Dix-sept heures sonnèrent à l’horloge de l’hôtel de ville lorsque Cole et Nounours rentrèrent au terrain-vague. Lambda aboya, heureux de signaler leur présence et Daniel s’empressa de se jeter sur l’énorme sachet de courses qui encombraient les bras de Cole. Ses yeux pétillèrent : il vénéra Lambda grâce à qui les passants prenaient pitié et déposaient une petite pièce supplémentaire. Ou un bifton.

— J’allais vous engueuler pour être revenu aussi tard, commença Daniel, mais… mais…

— … mais ta gueule et mange ! s’amusa Cole en lui enfournant sans ménagement un sandwich dans la bouche.

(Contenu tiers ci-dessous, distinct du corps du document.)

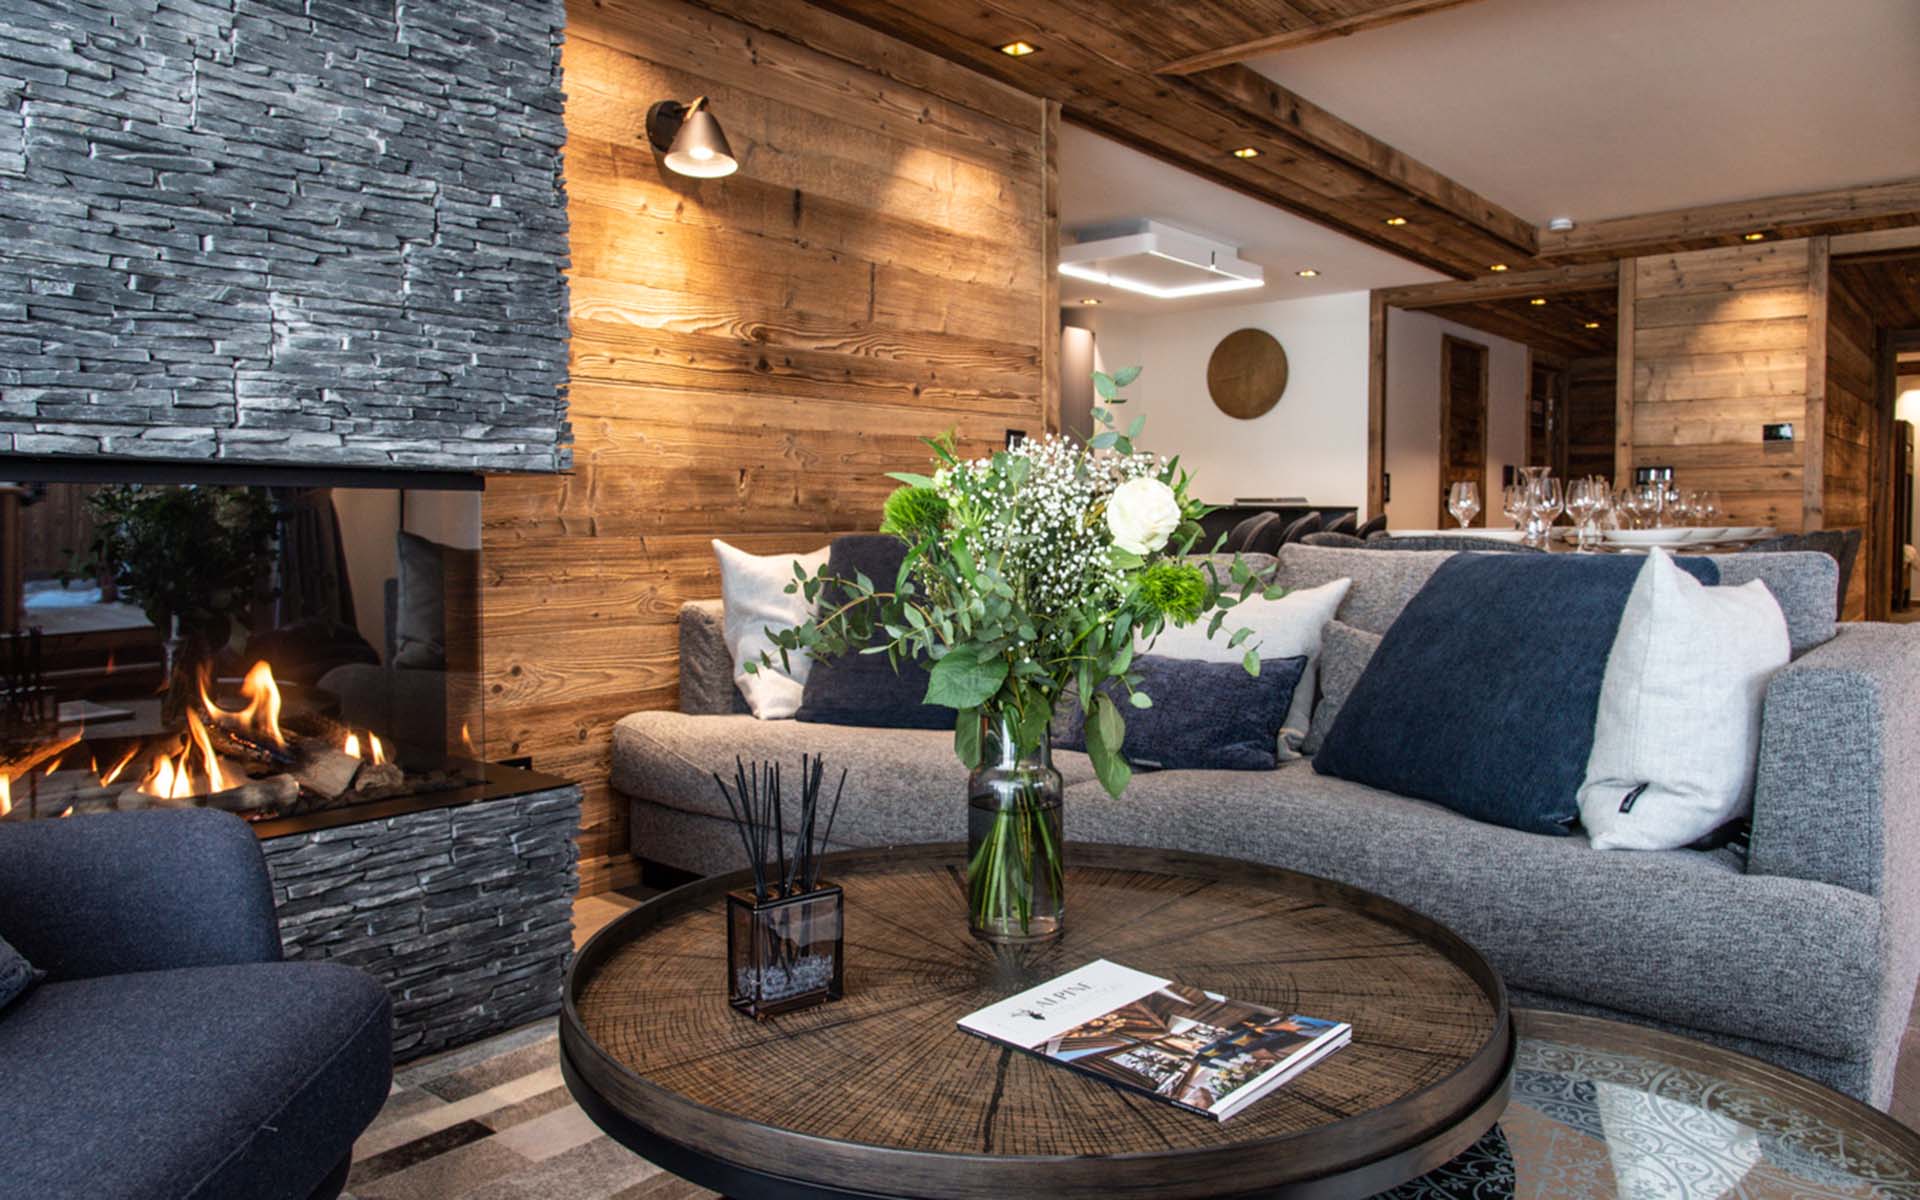 Vail Lodge Apartment A12, Val d’Isere

Nounours partit dans un rire gras tandis que Daniel se délectait du repas au point d’en gémir de plaisir. Lambda rejoignit Marylou, oreilles et queue dressées, la langue pendante. La femme d’âge mûr nourrissait un feu de poubelle ; son regard s’illumina quand elle vit l’animal à ses jambes. Cole s’invita face aux flammes dont la chaleur le grisa. Il sourit à en avoir mal aux joues. Enfin, il savourait sa liberté tant attendue.

— Ça a l’air d’aller mieux, toi ! observa-t-elle en lui lançant un clin d'œil.

Et comment ! Nounours et Daniel ramenèrent des chaises en plastique pour tout le monde ainsi qu’une pile de plaids et couvertures. D’autres sans-abris les rejoignirent, dont Alma qui gratifia Cole d’un large sourire. Il s’attela à la distribution des sandwichs. Chacun avait légué sa cagnotte du jour à Calvin et celui-ci avait préféré faire confiance à Cole. A moins qu’il ne s’était agi d’un test ? En tout cas, ce dernier s’était montré à la hauteur de la tâche “gestion des finances du groupe” et avait marchandé chaque sandwich à la feuille de salade près. Sa mission lui avait tenu à coeur, touché et fier qu’on lui attribue une telle responsabilité.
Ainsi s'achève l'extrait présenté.